## PROBLEM DESCRIPTION
Using the listing below, output only the lines from the one that contains "Foto: Elecciones municipales" through the one that contains "Skifahrer in dunklem", inclusive, exactly as given and without images.

## THE INPUT

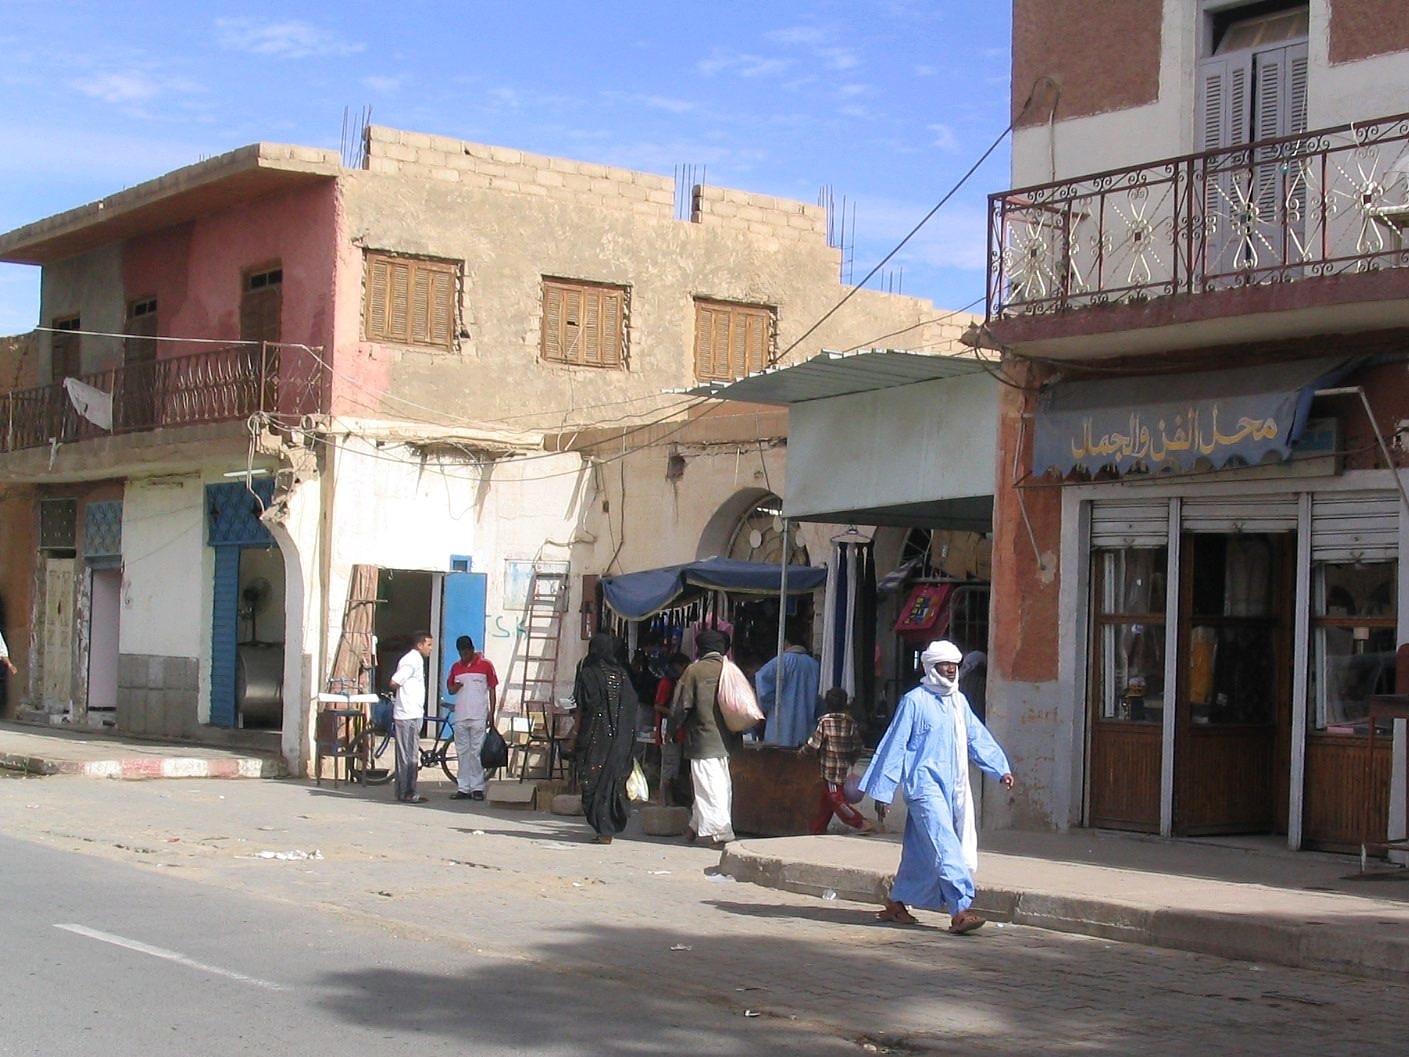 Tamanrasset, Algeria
* * *
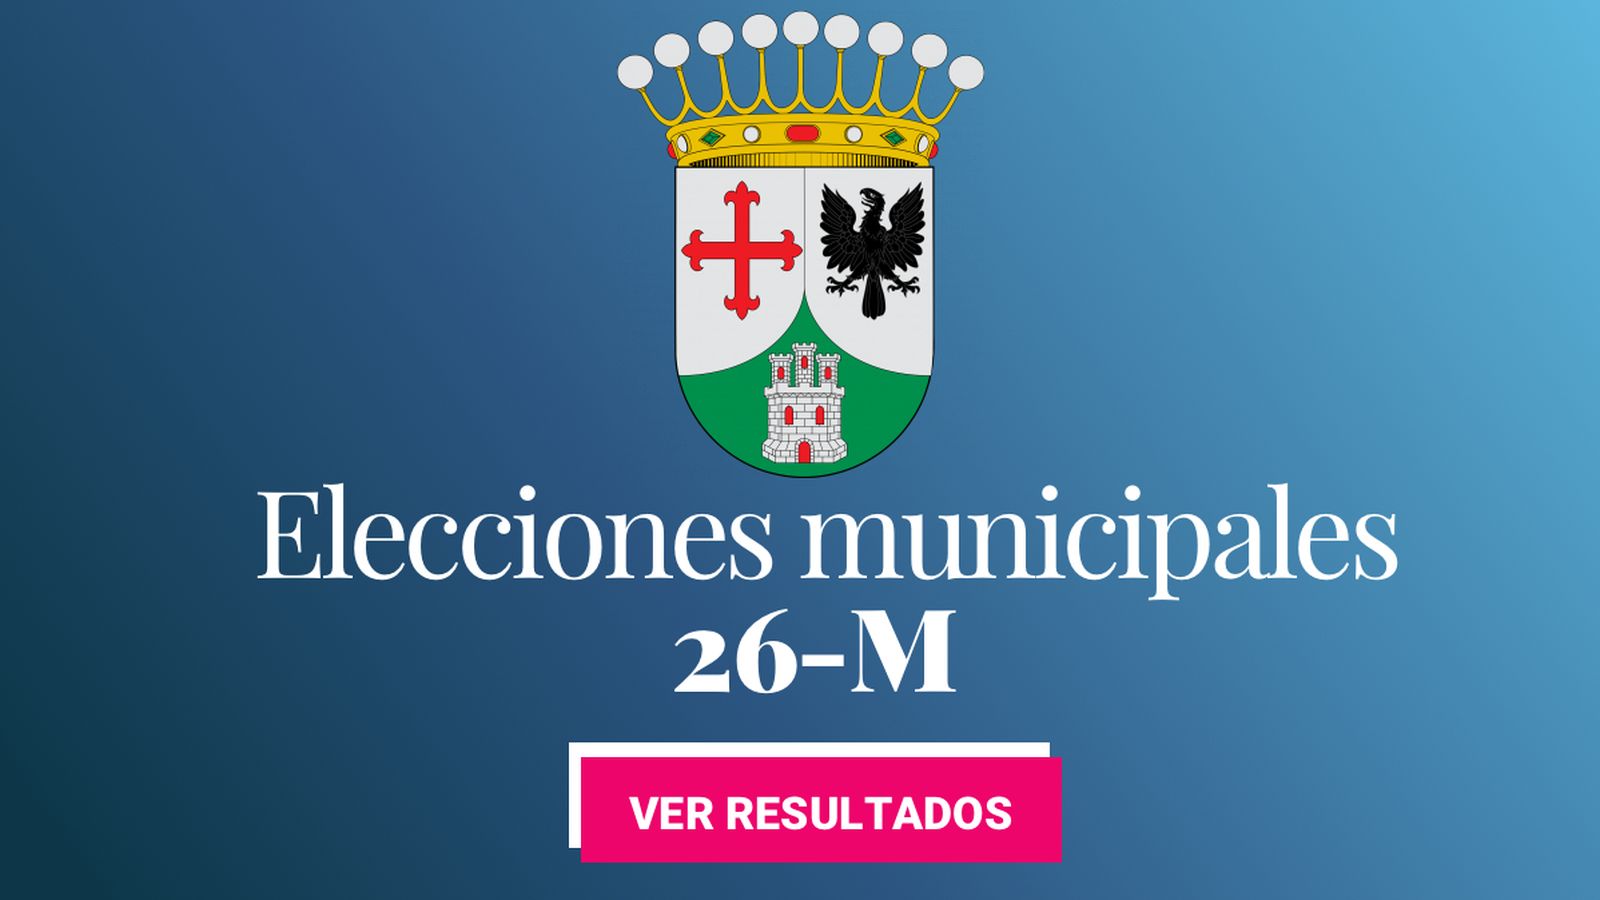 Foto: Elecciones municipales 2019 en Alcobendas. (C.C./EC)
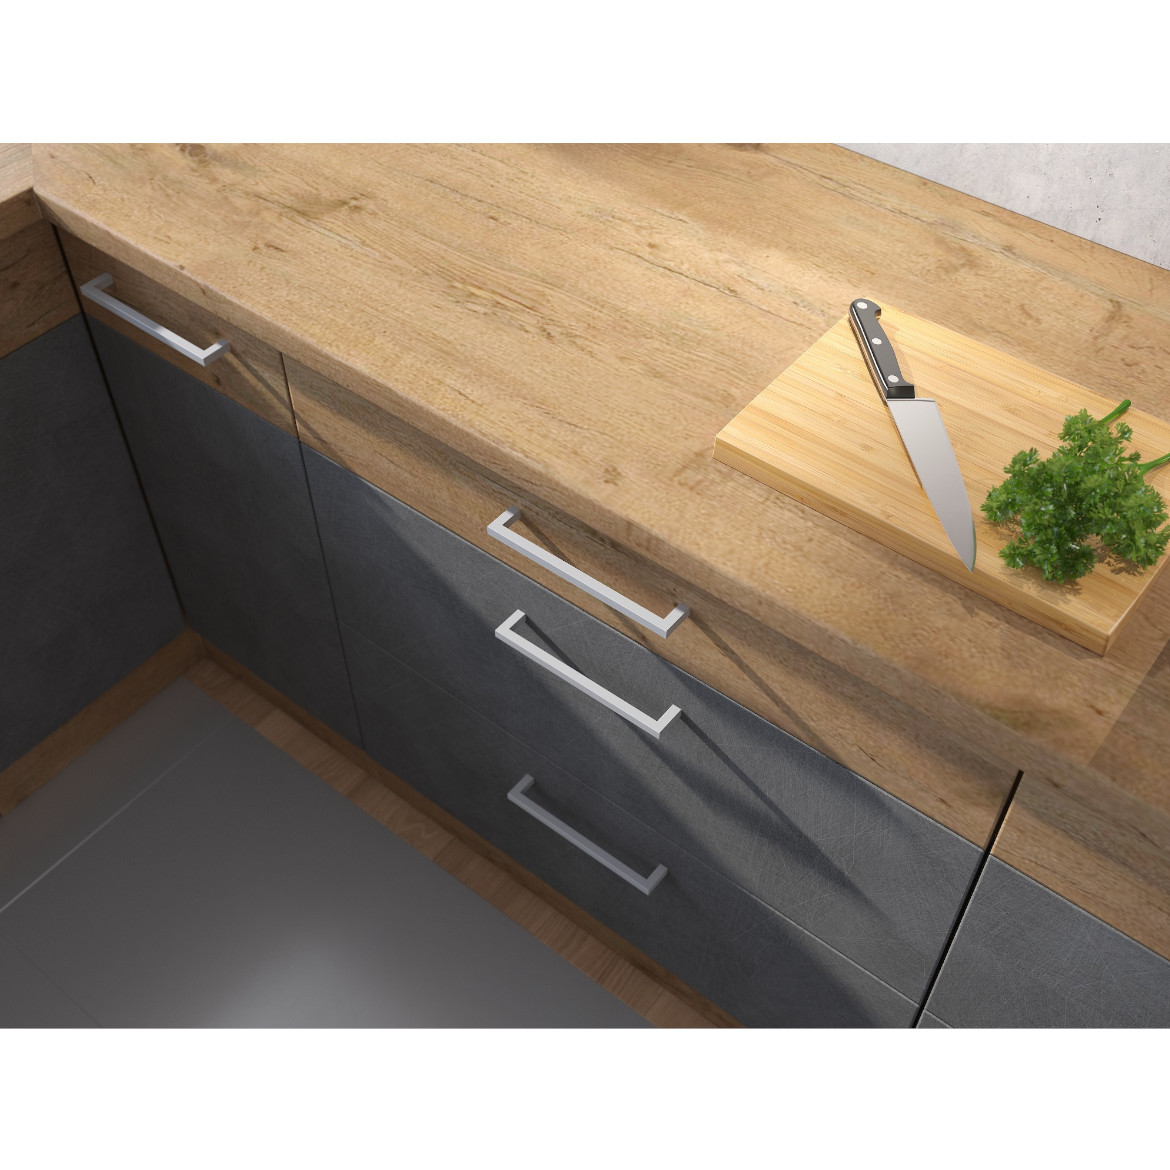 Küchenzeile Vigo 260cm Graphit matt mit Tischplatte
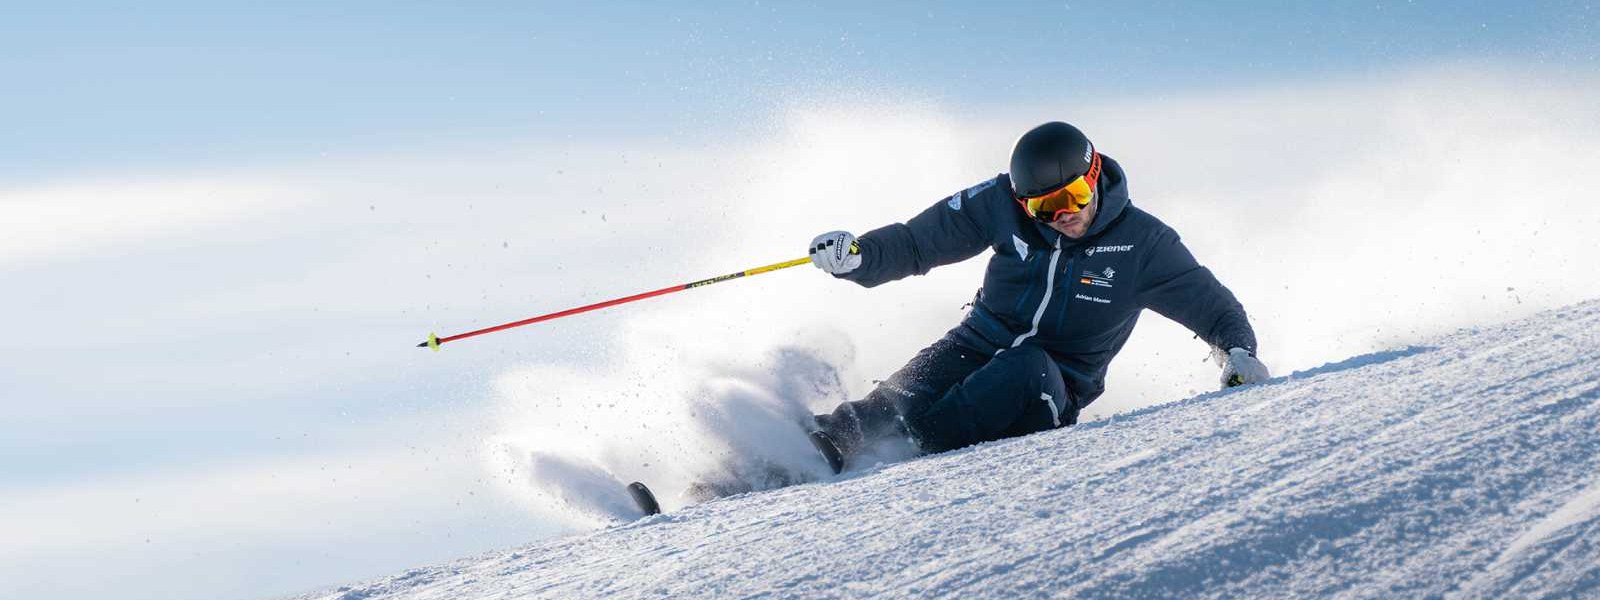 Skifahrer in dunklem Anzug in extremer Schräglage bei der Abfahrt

## ANSWER FOR THIS EXERCISE
 Foto: Elecciones municipales 2019 en Alcobendas. (C.C./EC)
 Küchenzeile Vigo 260cm Graphit matt mit Tischplatte
 Skifahrer in dunklem Anzug in extremer Schräglage bei der Abfahrt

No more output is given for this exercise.